Очерки, составившие книгу воспоминаний Н. Чуковского, вообще не следует воспринимать как чисто мемуарные. Это — художественные портреты. В них не нужно искать абсолютной точности фактов и обстоятельств. Вместе с тем созданные Н. Чуковским образы многих представителей литературы тех лет отличаются глубиной и тонкостью характеристик.
Про В. Ходасевича Н. Чуковский пишет, что, приходя в салон Наппельбаумов, он, конечно, презирал этот салон, «но не больше, чем все остальное на свете». Уже одно это дает нам известное представление о В. Ходасевиче. Но Н. Чуковский не ограничивается этим и дает блестящую характеристику В. Ходасевича: «Он был превосходный поэт одной темы. Он не принимал не какие-нибудь отдельные стороны действительности,— скажем, мещанство, как многие, или капитализм, как Блок и Маяковский, или революцию, как поэты-белогвардейцы,— но любую действительность, какой бы она ни была. Он писал:
В этой формуле поэзии В. Ходасевича все точно выверено, вплоть до упоминания его в одном ряду с А. Блоком и В. Маяковским.
«Михаил Алексеевич Кузмин,— пишет Н. Чуковский в другом месте,— был самый чистопородный (! — Л. Л.), без всяких примесей эстет в русской литературе, небогатой чистыми эстетами. Решительно все явления бытия он рассматривал только с одной точки зрения: вкусно или безвкусно.
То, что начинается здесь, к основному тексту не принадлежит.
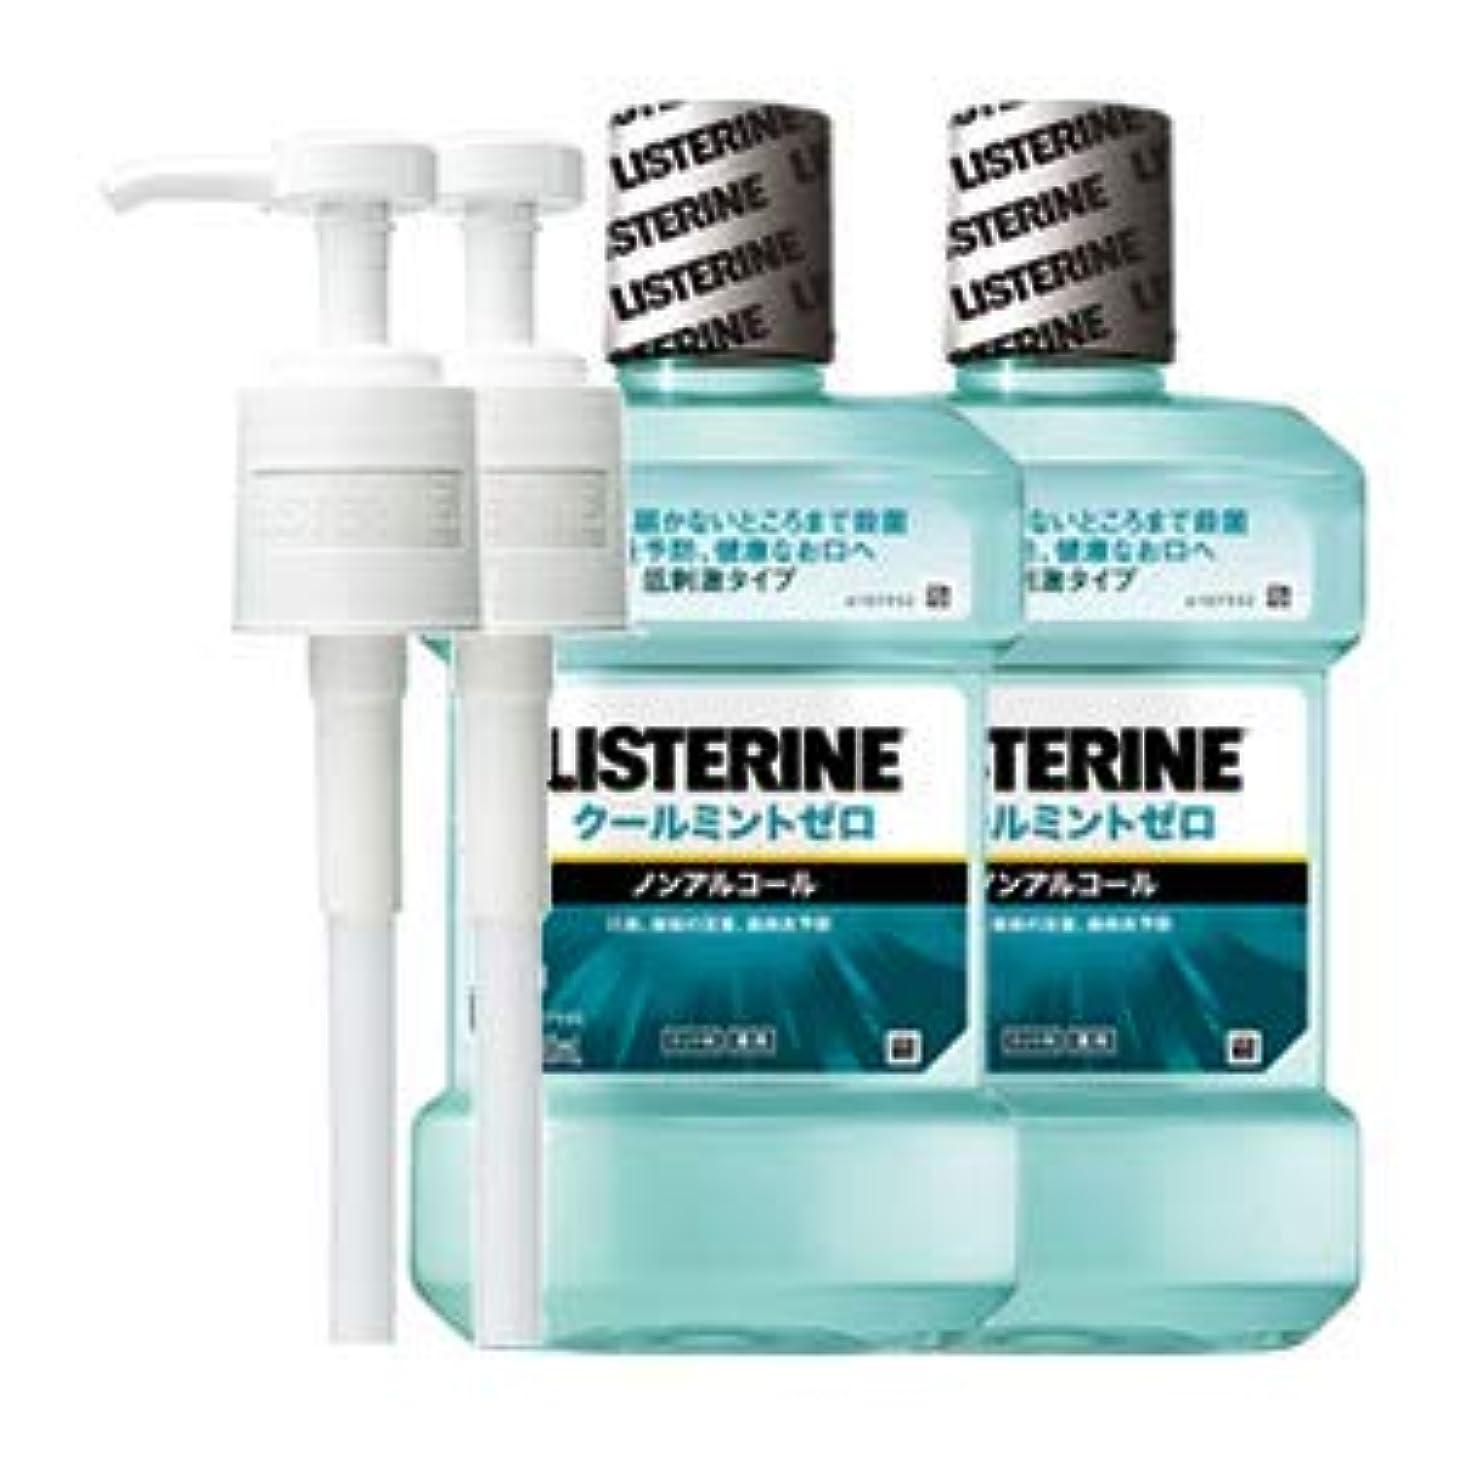 商品応じる患者薬用 リステリン クールミント ゼロ (マウスウォッシュ/洗口液) 1000mL 2点セット (ポンプ付)

Всякая государственная власть, безразлично какая, была для него безвкусицей. Всякую философию, все то, что люди называют мировоззрением, он считал безвкусицей».
«Такой он был всегда,— пишет Н. Чуковский о Н. Гумилеве,— прямой, надменный, выспренний, с уродливым черепом, вытянутым вверх, как огурец, с самоуверенным скрипучим голосом и неуверенными, добрыми, слегка косыми глазами. Он вещал, а не говорил и, хотя имел склонность порою тяжеловесно и сложно пошутить, был полностью лишен чувства юмора».
«Отец мой, – добавляет Н. Чуковский, – не любил его стихов и называл их “стекляшками”».
(Кстати, в мемуарной книге сына почти ничего не говорится об отце. Скорее всего это объясняется тем, что книга писалась при жизни отца — Корней Иванович пережил Николая Корнеевича на четыре года.)
Столь критически относясь к Н. Гумилеву и его стихам Н. Чуковский не отрицает, что было время, когда он увлекался ими. Но «в семинаре, руководимом Гумилевым, все была его сторонники — кроме меня. Для меня Блок был выше всего на свете».
Критическое отношение к Н. Гумилеву не мешает Н. Чуковскому твердо заявить: «Безусловно верно одно: расстреливать Гумилева — при всех обстоятельствах — не следовало» (вспомним, что это писалось в те годы, когда имя Н. Гумилева было под строжайшим запретом). Он приводит слова своего «милого демона» В. Стенича: «Если бы он (Н. Гумилев.— Л. Л.) теперь был жив, он перестроился бы одним из первых и сейчас был бы видным деятелем ЛОКАФа» (так называлось существовавшее в начале тридцатых годов Литературное объединение Красной Армии и Флота).